Because of the outsized role that this cohort has played in a wide range of research, the development of its membership over time has received considerable attention. Atherton et al. (2) compared a variety of sociodemographic, health, and behavioural variables between Sweep 1 and the Biomedical Sweep. They concluded that subject attrition had not substantially vitiated the broadly representative composition of the persisting cohort. This claim has been echoed in numerous publications referring to the cohort as “nationally representative” (3–9) or “broadly representative”, subject to attrition (10–16).
The present work examines whether specific data biases may distort the picture of particular research questions within an otherwise representative sample. Our focus is on the impact of attrition on fundamental indicators of education and fertility, such as age at menarche and years spent in education. We explore associations between these variables and the length of continuing participation in the study, for women present in the Biomedical Sweep. We further compare national statistical records to the maternity and termination reports of female participants, separately for those who persisted until the Biomedical Sweep and those who did not.

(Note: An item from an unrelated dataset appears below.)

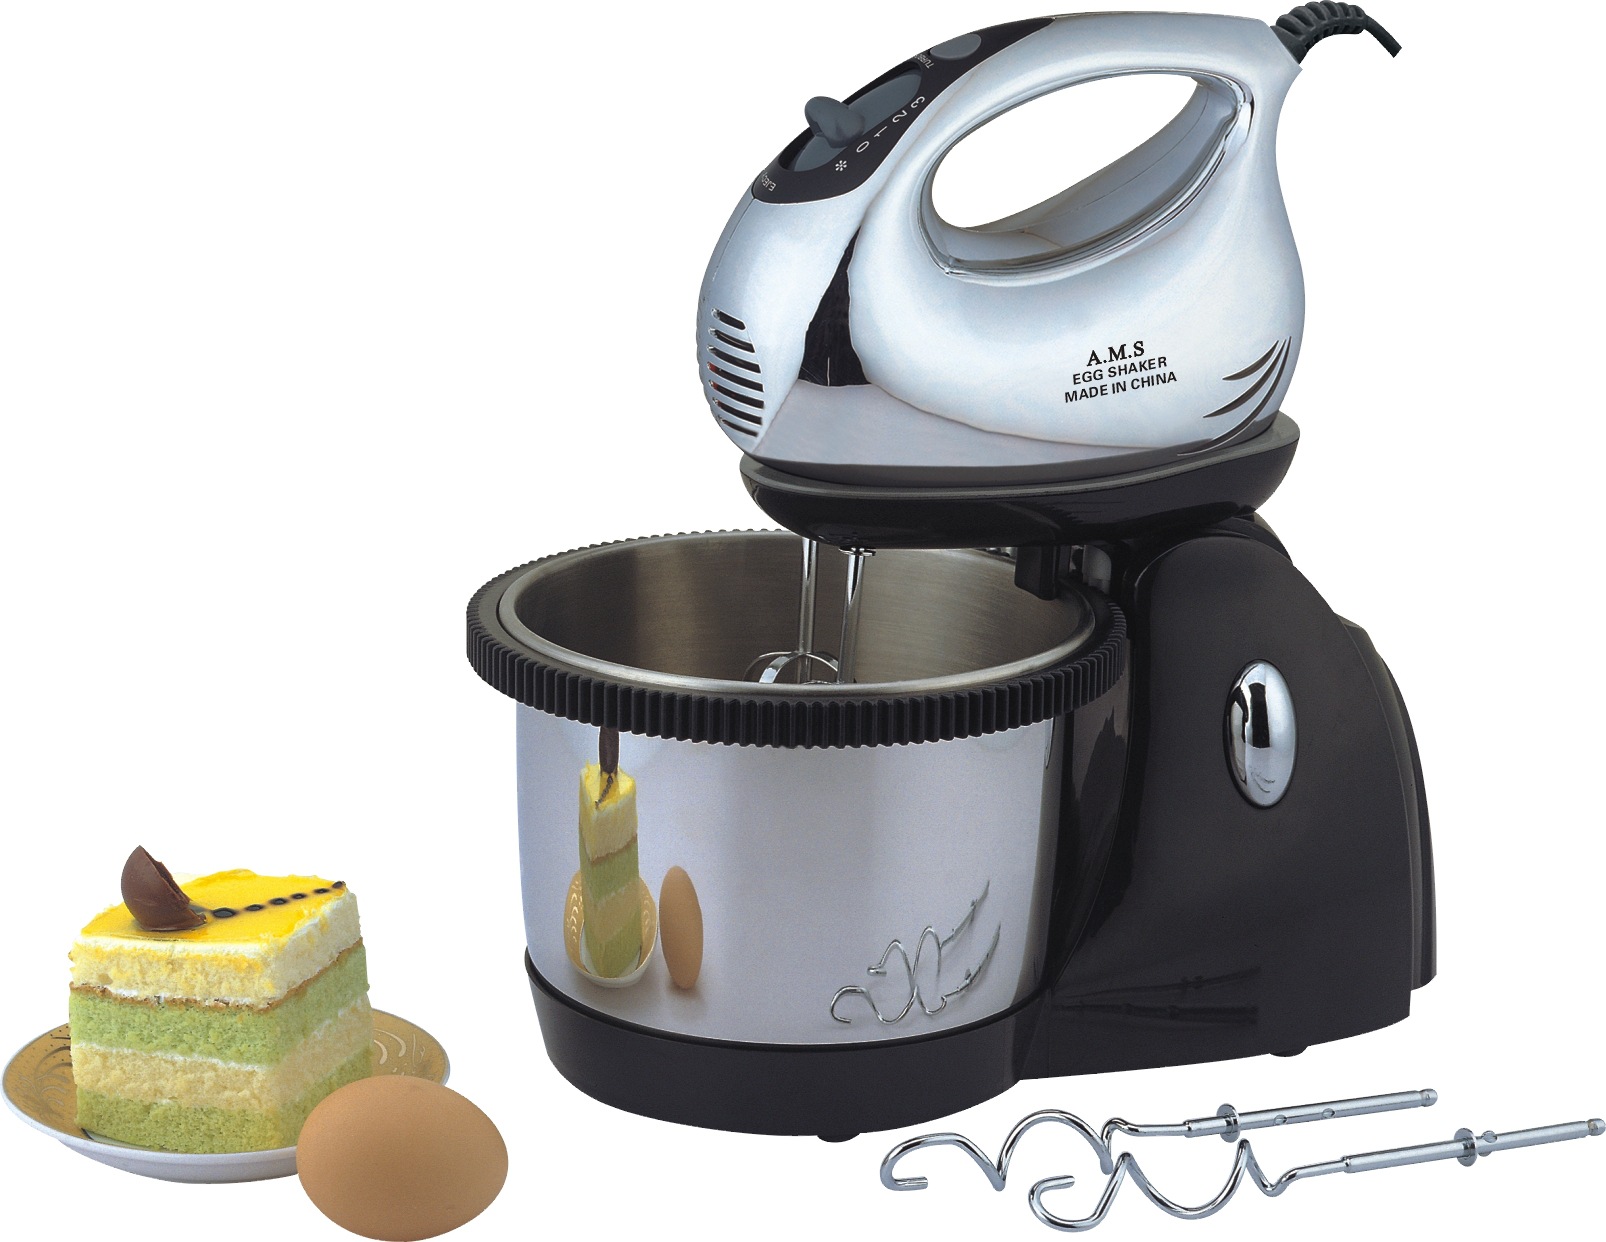 打蛋器-厨房家用打蛋器--阿里巴巴采购平台求购

As the Biomedical Sweep was focused on collecting biological material and clinical data, it is only those individuals who were present in this Sweep whose information is routinely released for research that aims to include genetic data. The genetic data commonly used were initially generated by the WTCCC studies (17,18) (Figure 2), which used members of the 1958 Birth Cohort as part of the control group for large meta-analyses on common diseases. These were subsequently made available to other researchers, and have since been used as part of control groups (usually in combination with UK Blood Donors) for a variety of medical studies, including work on leukaemia (19,20), schizophrenia (21) and rheumatoid arthritis (22), as well as for sociological and demographic research (23,24). As these studies include only participants in the Biomedical Sweep, the characteristics of this subgroup are crucial, and it is this that we will take as our primary cutoff.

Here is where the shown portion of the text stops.